* [Problem description] Take the line that contains "Crafted in solid" and every line below it to the end of the entries, and give them again exactly, leaving out any pictures.

* [Source data]
▬▬▬▬▬▬▬▬▬▬
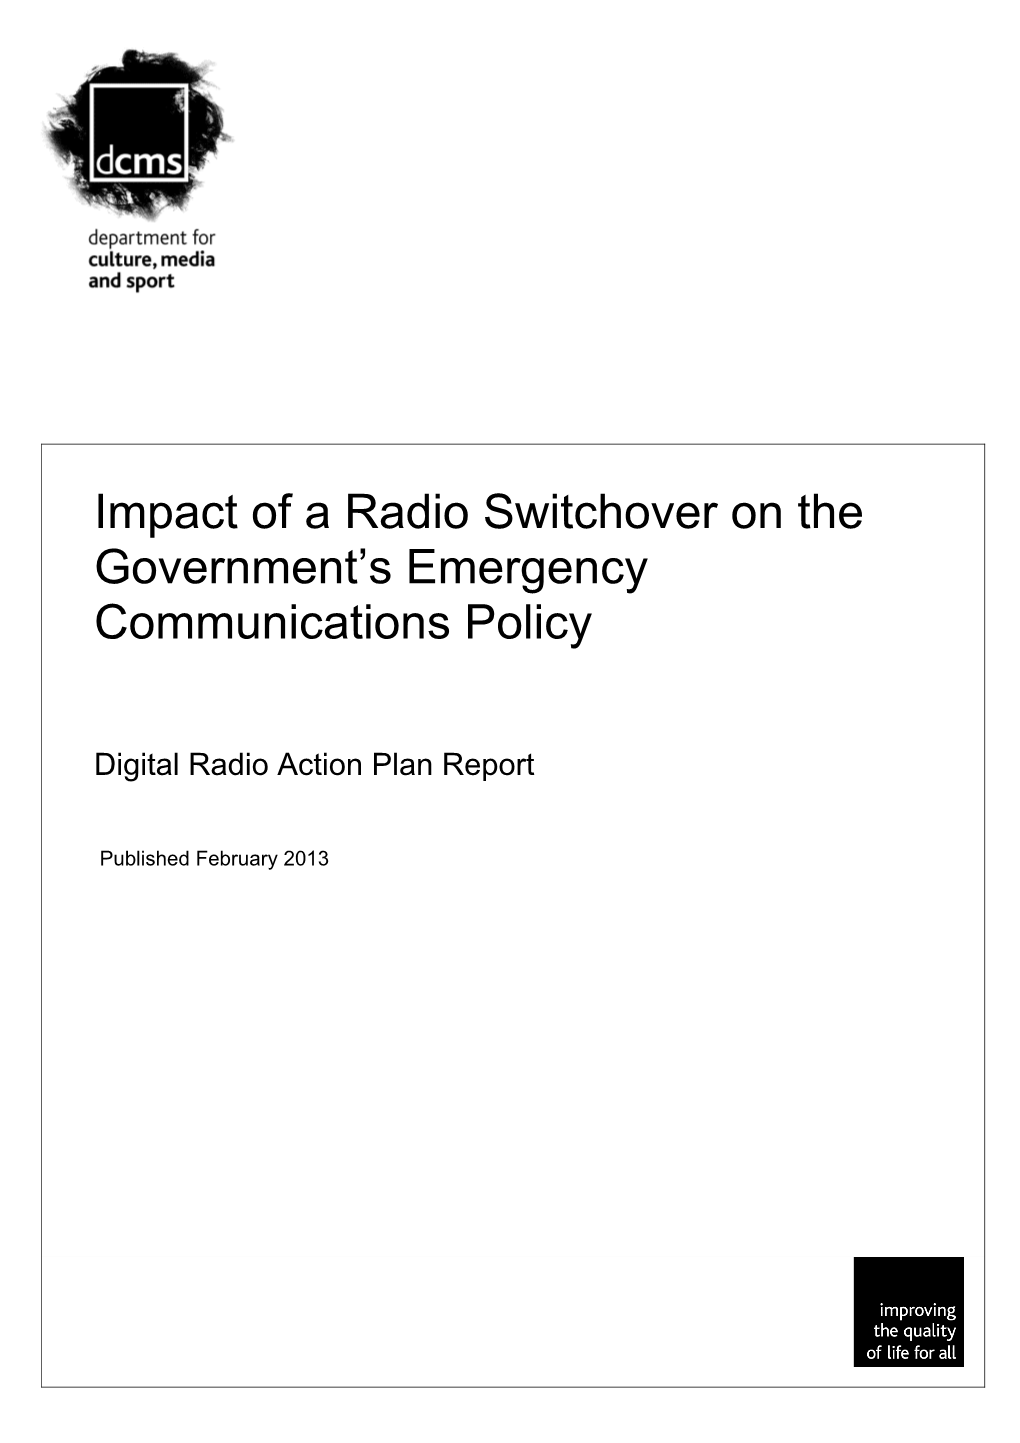 Section 3:Impact of a Radio Switchover on the Government's Emergency Communicationspolicy
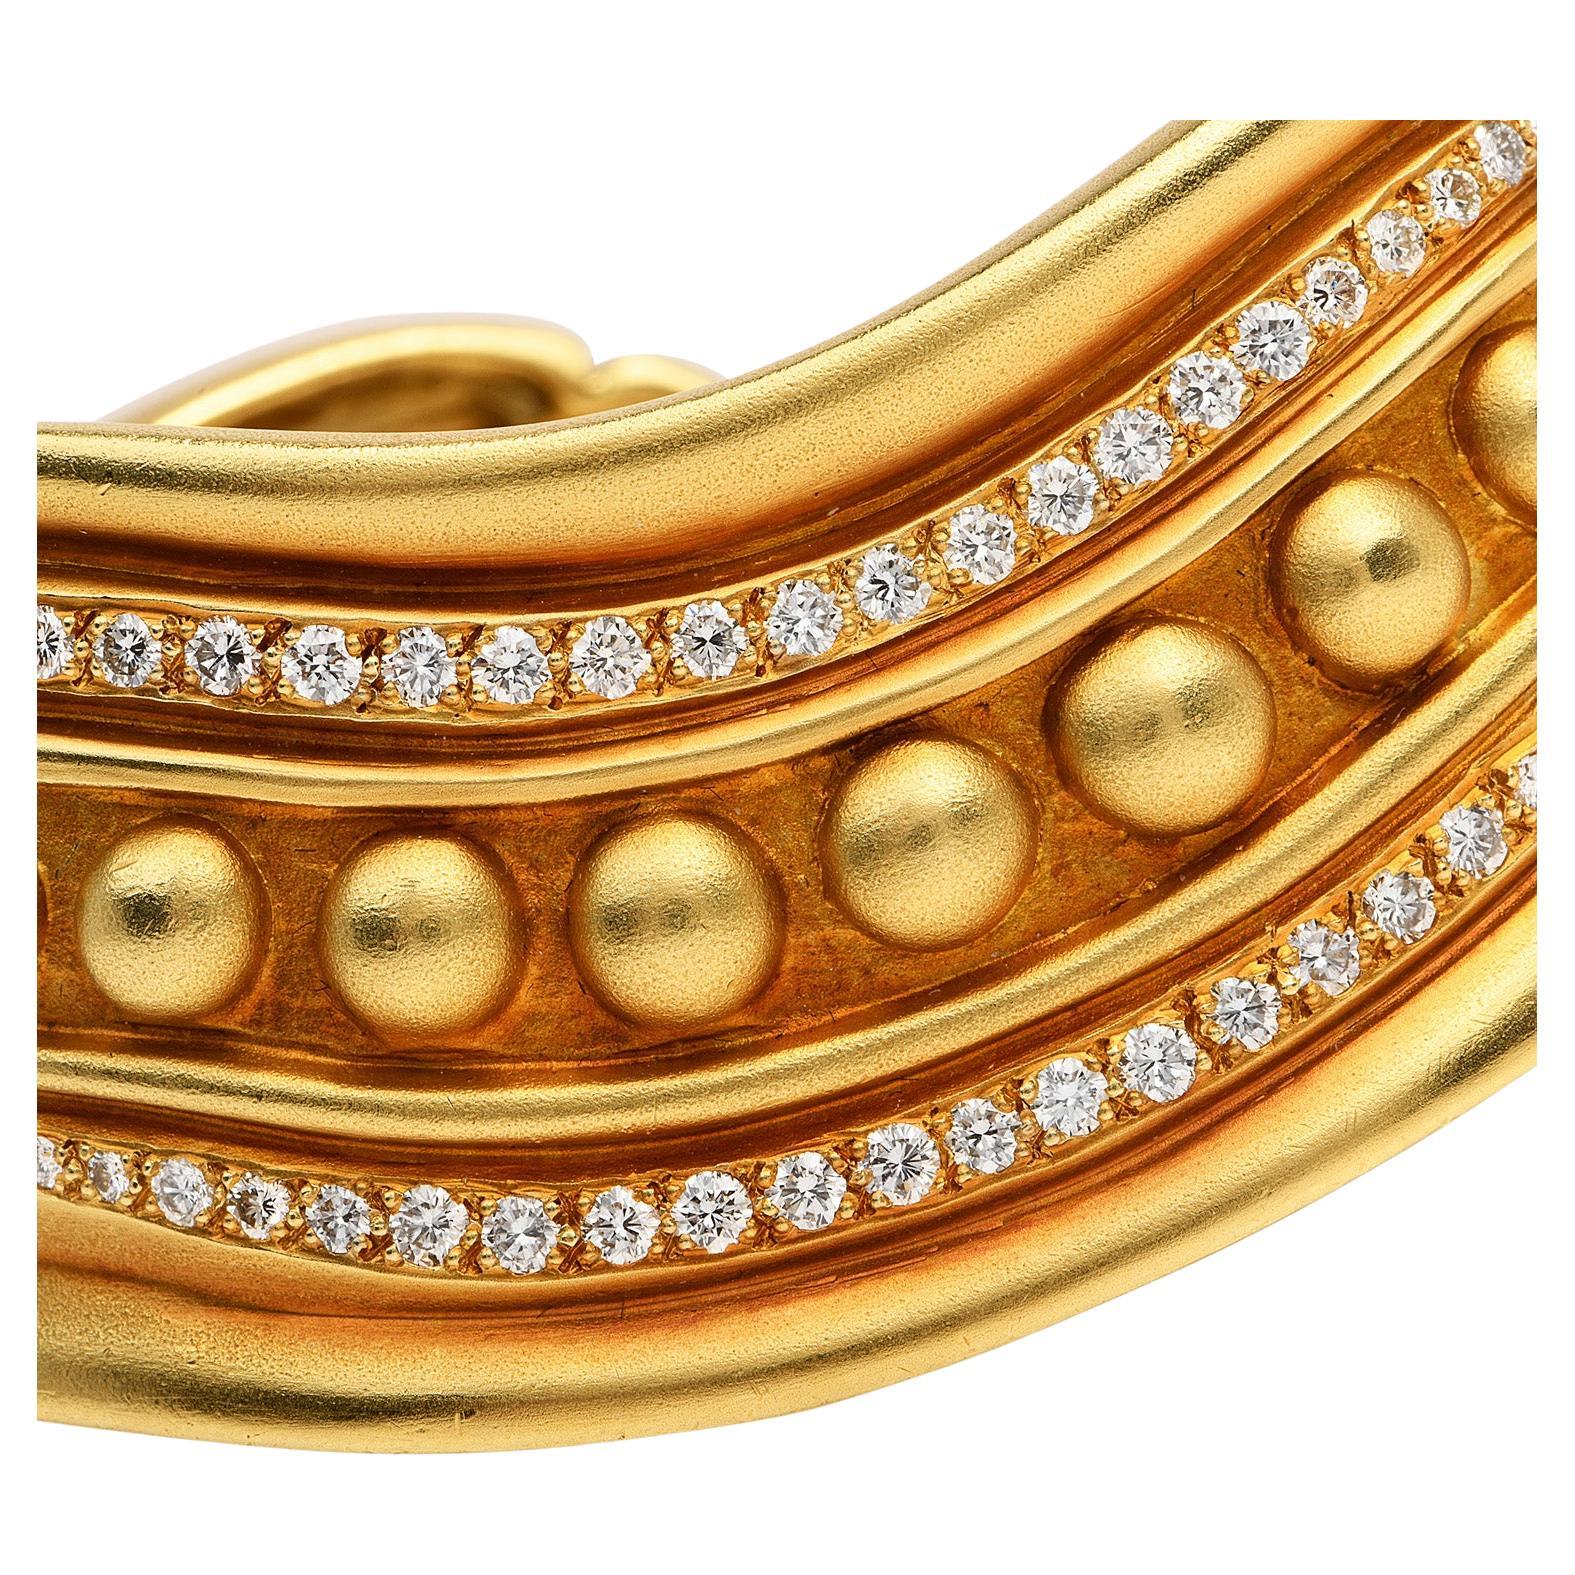 Designer Vahe Naltchayan 1980s piece wide opulent cuff bracelet,

Crafted in solid heavy 18K yellow gold, its center composed by (96) graduated style round-cut, prong-set, Diamonds weighing approximately 3.00carats (F-G color and VVSclarity)

The
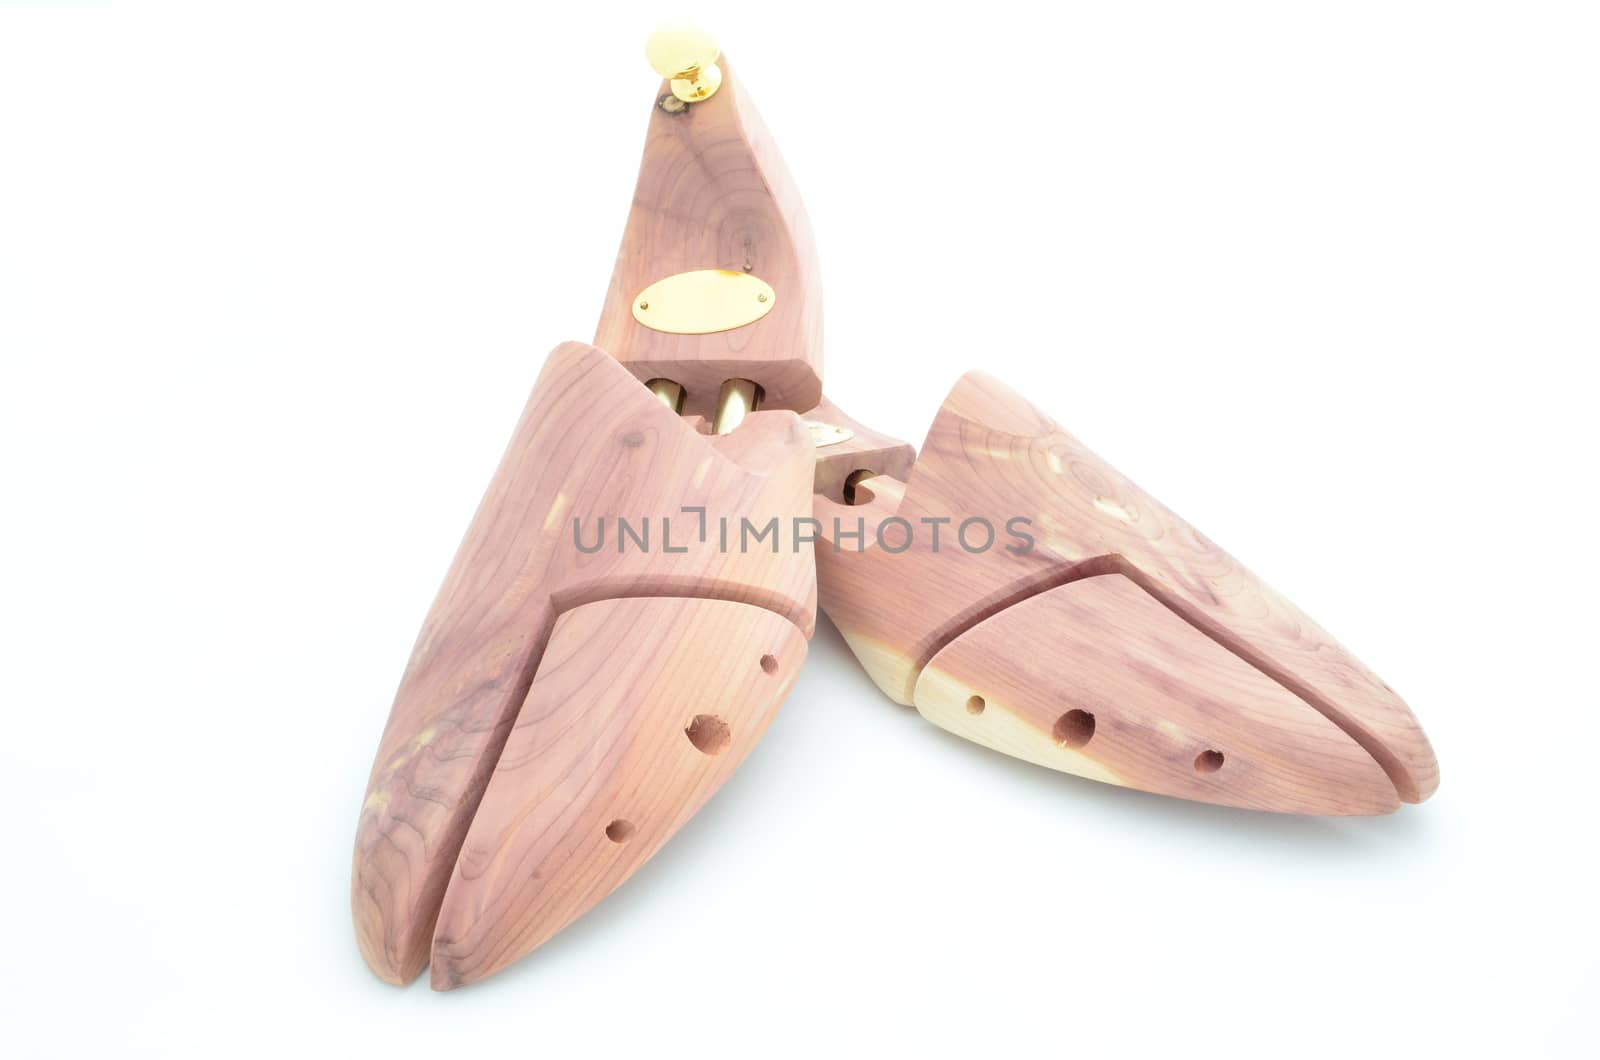 Pair of wooden shoe trees by pljvv
▬▬▬▬▬▬▬▬▬▬
* [Answer for the task]
Crafted in solid heavy 18K yellow gold, its center composed by (96) graduated style round-cut, prong-set, Diamonds weighing approximately 3.00carats (F-G color and VVSclarity)

The
 Pair of wooden shoe trees by pljvv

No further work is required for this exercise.